Vardinogiannis Group, one of the most solid and well capitalized business conglomerates in Europe, finalized the acqusition of Marfin Bank, after receiving approval from the National Bank of Romania.
Part of its investment strategy in Romania, the Vardinogiannnis Group has already acquired Marfin Leasing, and thus further consolidates its presence on the Romanian financial market. The Romanian business community, as well as the bank’s customers, now benefit from the strength and reliability of one of the most solid business conglomerates in Europe.
The Group operates in several industries, such as energy (refineries, gas station chains, natural gas and electricity), shipping and media.

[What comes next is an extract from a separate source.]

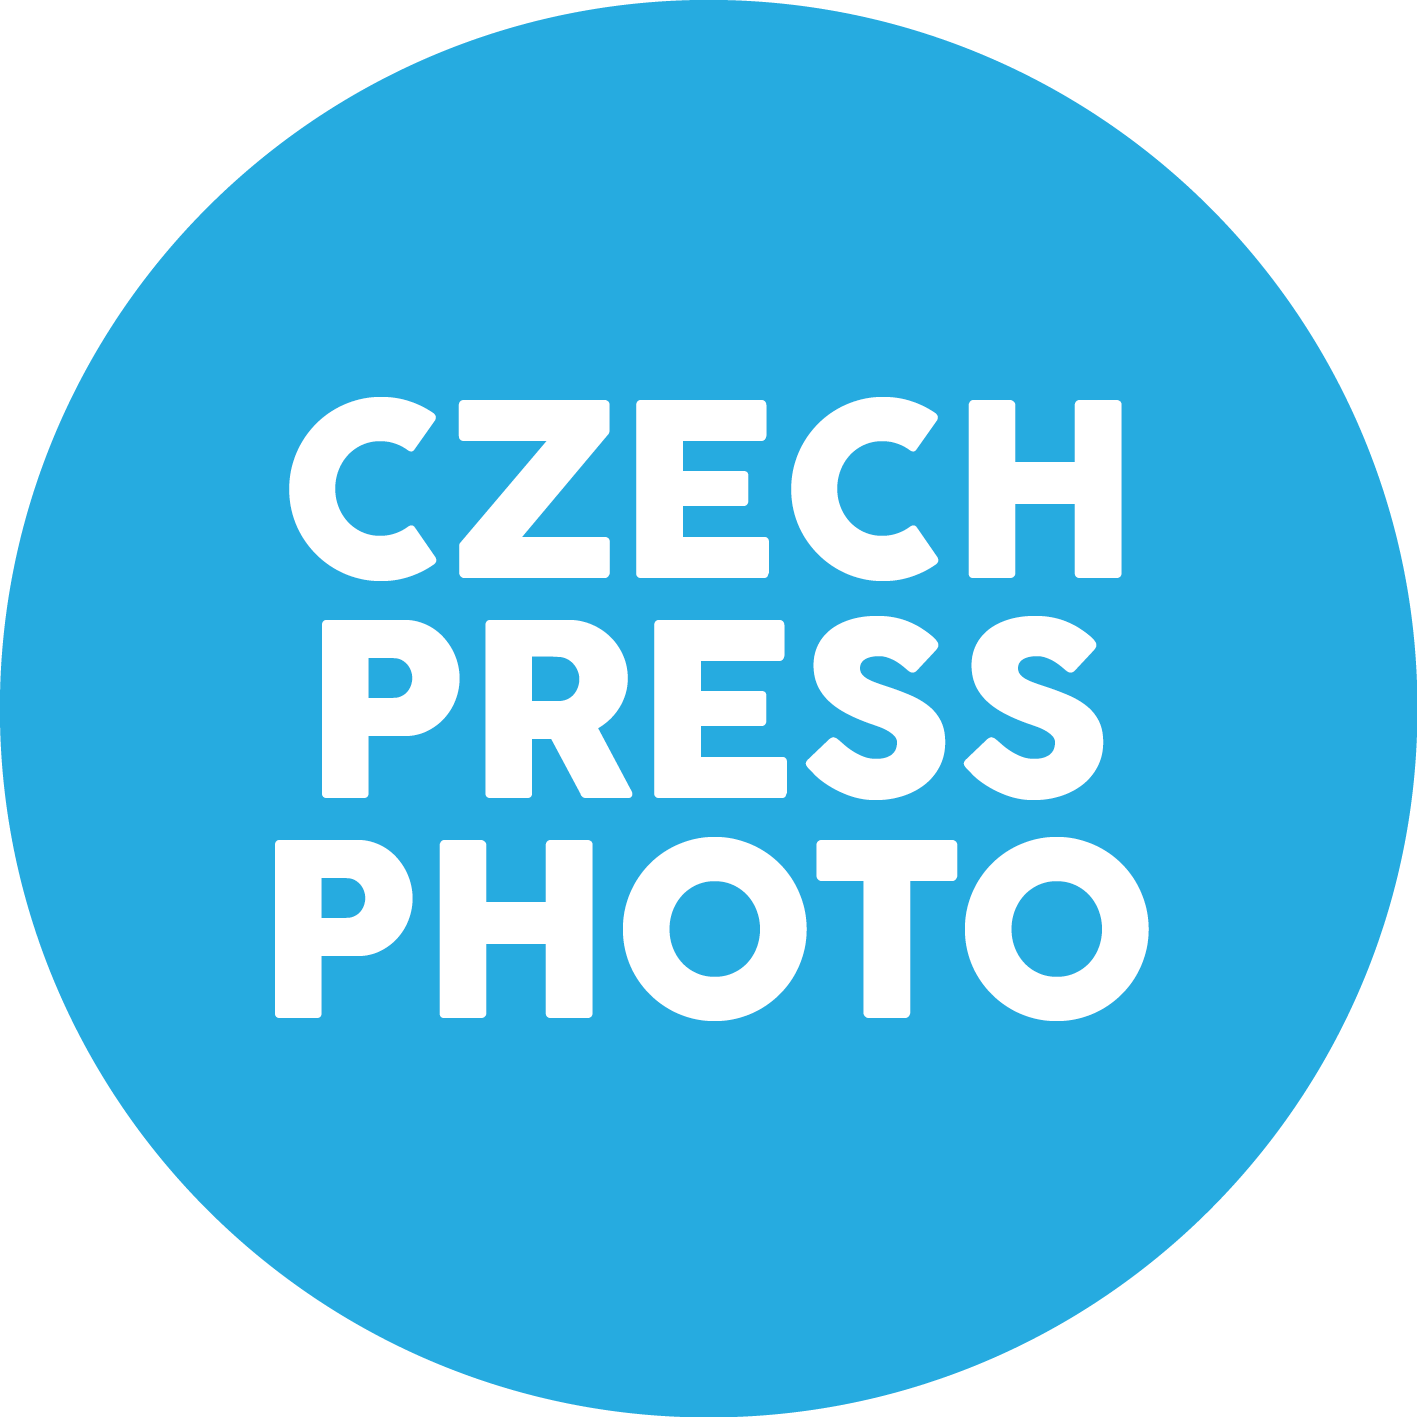 Czech Press Photo

“Vardinogiannis Group has strong financial power and extensive international business expertise. We believe in the local market’s potential, and we are determined to develop our presence in a sustainable manner in the years to come and generate added value to the local business community”, stated Georgios Taniskidis, representative of Vardinogiannis Group in Romania.
With a tradition of over 20 years on the Romanian financial mark, Marfin Bank has 30 branches and a total asset volume of approximately RON 2 billion. In 2017, the bank registered a net profit of RON 5.7 million.
About Vardinogiannis Group
Vardinogiannis Group is a large well capitalized European business conglomerate, with international operations in several industries, such as energy (refineries, gas station chains, natural gas and electricity), shipping and media.
Vardinogiannis Group is the major shareholder of Motor Oil Hellas Corinth Refineries, a company listed at the Athens Stock Exchange, with a market capitalization of EUR 2.1 billion.
Motor Oil has one of the most technologically advanced refineries in Europe, with over 45 years history. In 2017, Motor Oil registered total sales of EUR 7.8 billion, while EBITDA stood at EUR 620 million and profits after taxes at EUR 314 million.